Только великие внешние потрясения в сочетании с внутренними способны расщепить институциональное ядро цивилизации. Только тогда могут быть радикальные изменения. Но применительно к России все это маловероятно. Хотя бы потому, что Запад уже не тот, там довольно серьезный собственный идейно-политический кризис. И там по-прежнему преобладают иллюзии по отношению к российским устремлениям.

Травин: Да, Германия и Япония стали трансформироваться после сокрушительного военного поражения. Но Испания изменилась и без этого. Это тоже имперская страна, причем очень похожая на Россию — огромные колонии, клерикализм. В какой-то момент Испания дошла до такой степени деградации, что стране пришлось реформироваться. Маленькая Эстония тоже начала реформы, просто выйдя из состава СССР.

Угроза, о которой сказал Андрей, возможна. Если российское общество не поймет необходимости реформ хотя бы в среднесрочной перспективе, будет нарастать вероятность неприятных столкновений с соседями и жестокого поражения. Поскольку мы слабы, а общество адекватно этого не понимает. Это возможная, но не фатальная перспектива.

Но факторы, которые Андрей перечислил как российскую специфику институционального ядра, свойственны вообще-то любому традиционному обществу. Это стадиальные, а не национальные проявления. Их можно заметить в истории Германии, Франции, Испании. Например, то же мессианство было на разных этапах повсюду.

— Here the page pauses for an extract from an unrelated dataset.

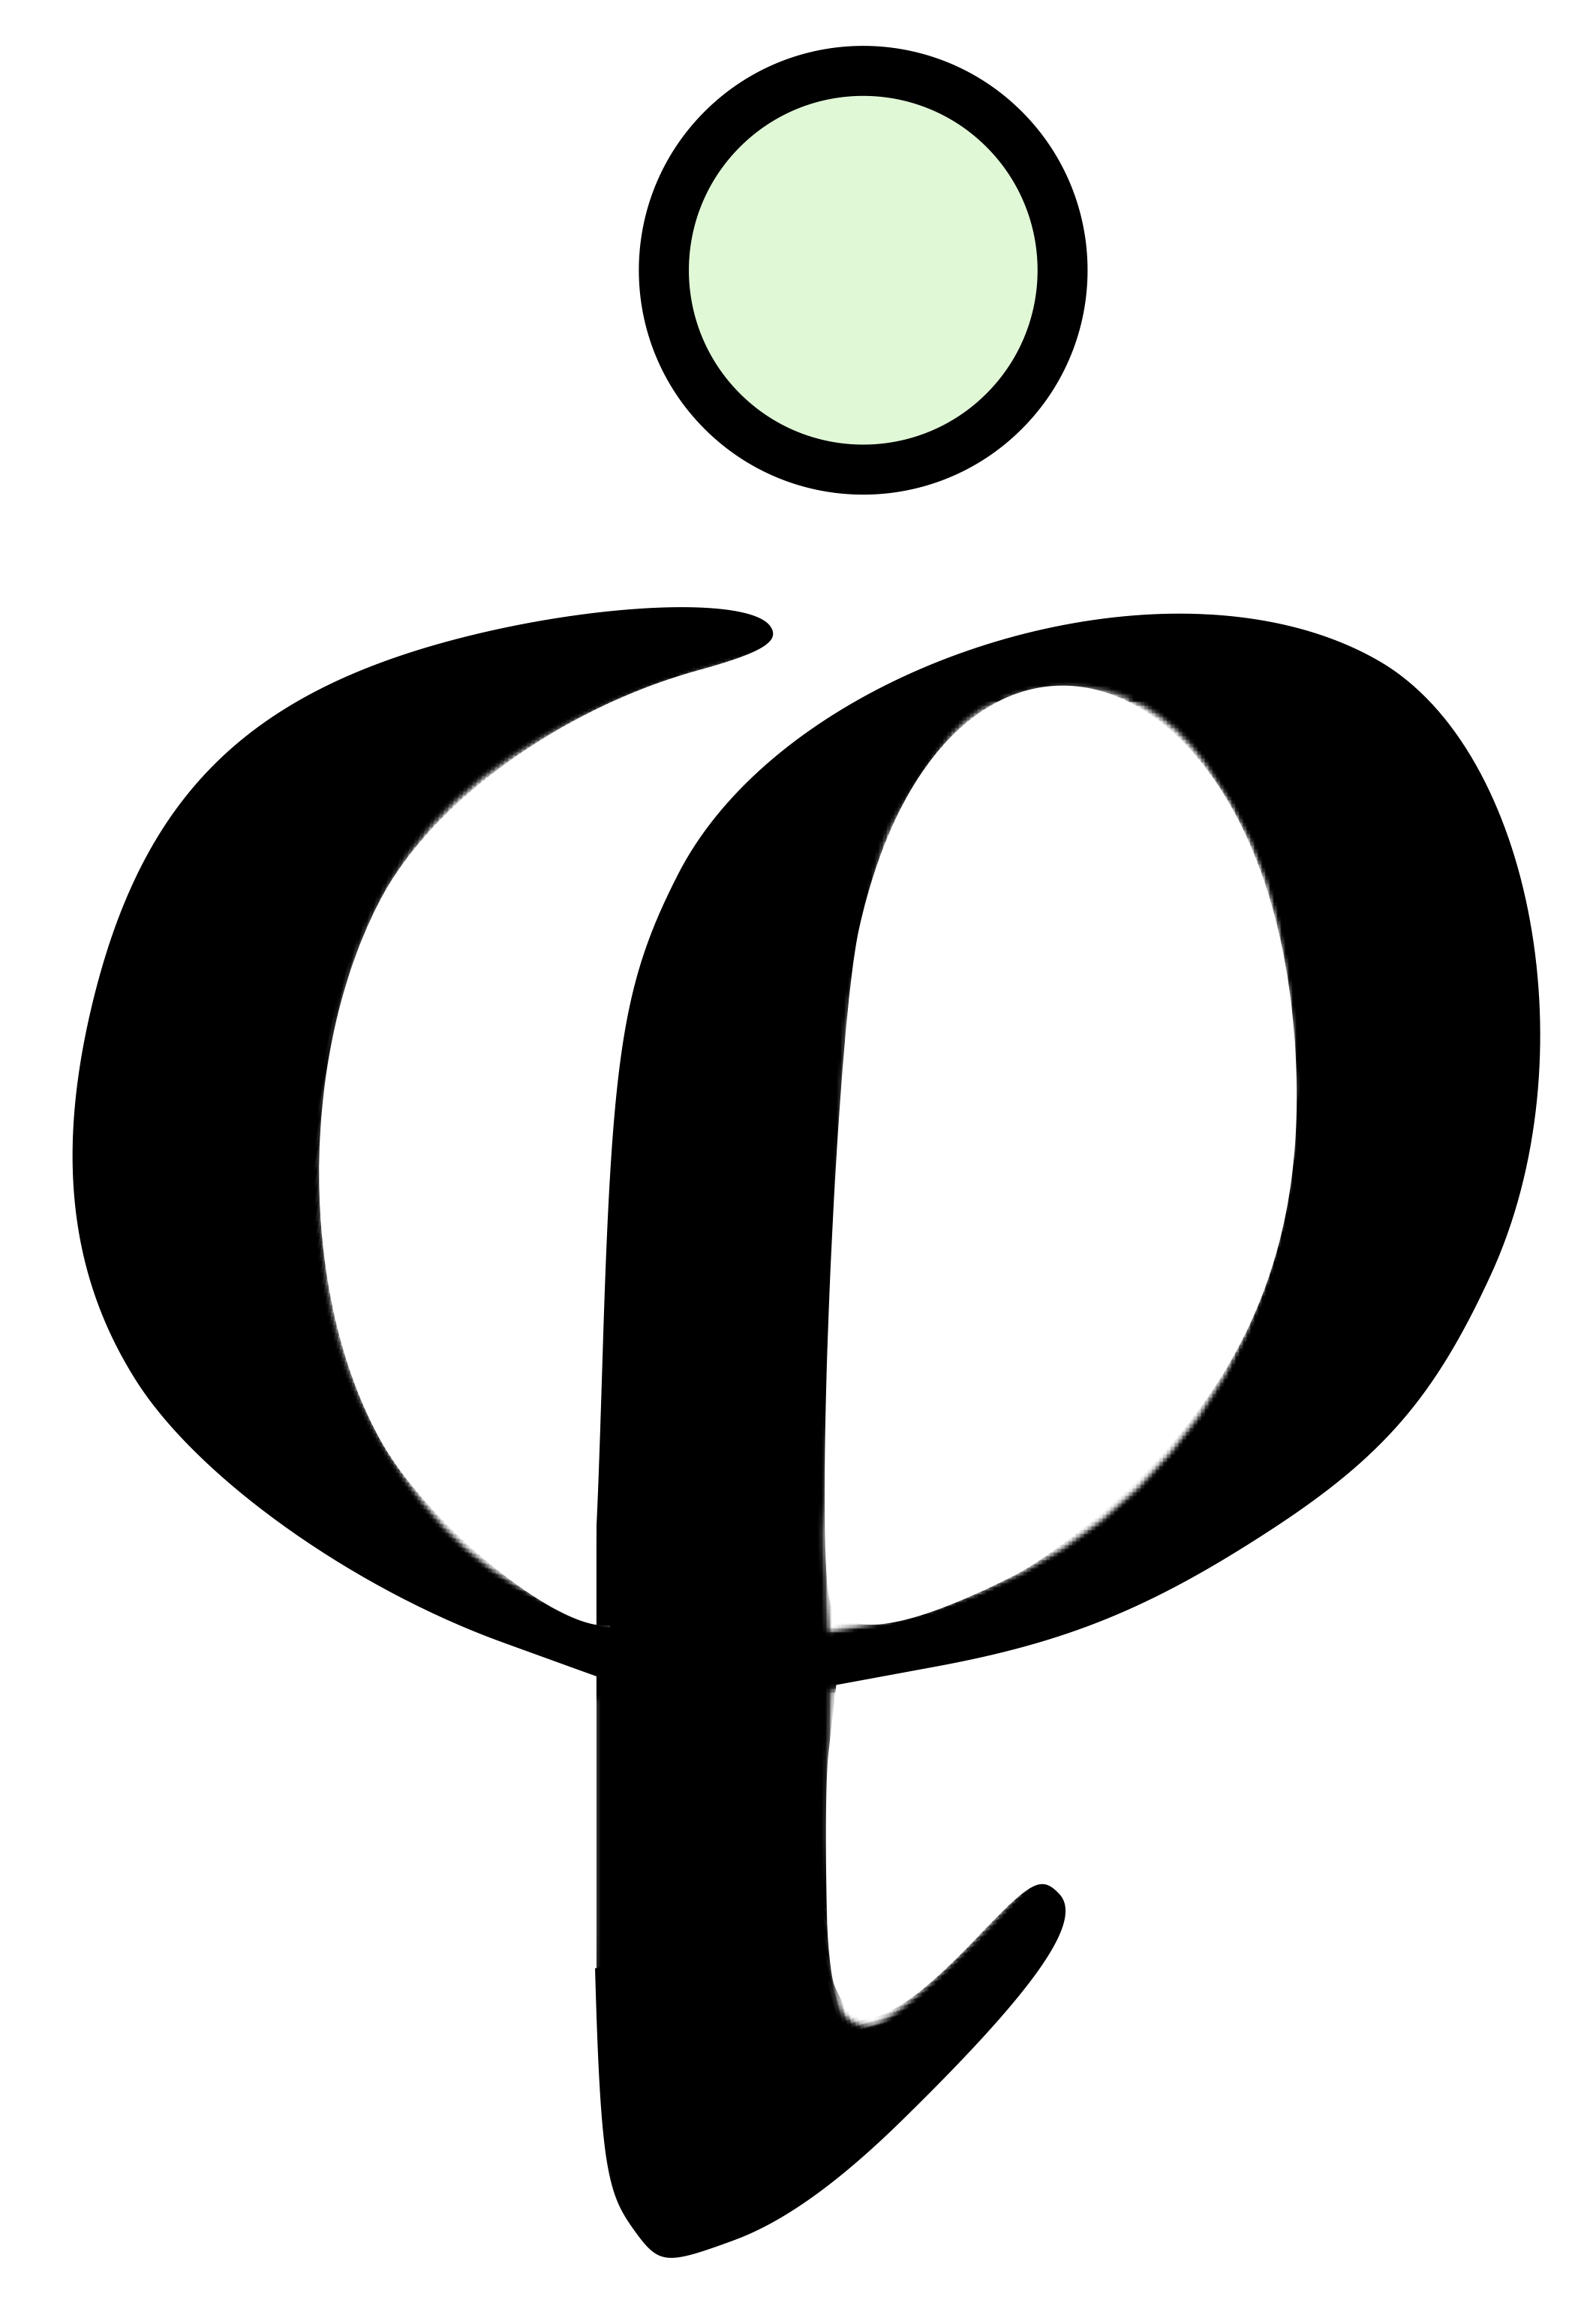 'quasi' group logo

Наша книга начинается с анализа гайдаровских реформ. К 1985 году в России сложился некий комплекс противоречивых, спорящих между собой идей. Но перемены происходят не потому, что их задумал некий реформатор. Какие-то идеи оказываются более конкурентоспособными, они лучше отвечают ожиданиям народных масс, особенно тех поколений, которые на этот момент доминируют. Когда начинается реализация этих идей, общество меняется радикально. Так было и в России, и в других странах. Но эти идеи никогда, ни в одной стране, ни у Марта Лаара, ни у Лешека Бальцеровича (успешные эстонский и польский политики-реформаторы. — Ред.), не были реализованы полностью в том виде, в каком они были задуманы. Появляются выигравшие и проигравшие. И если выигравших много, то эти идеи реализуются. Если проигравших больше, реформаторов бьют по голове и вместо них ставят, например, Черномырдина, и начинается уже другая реализация. Но все-таки продвижение вперед есть.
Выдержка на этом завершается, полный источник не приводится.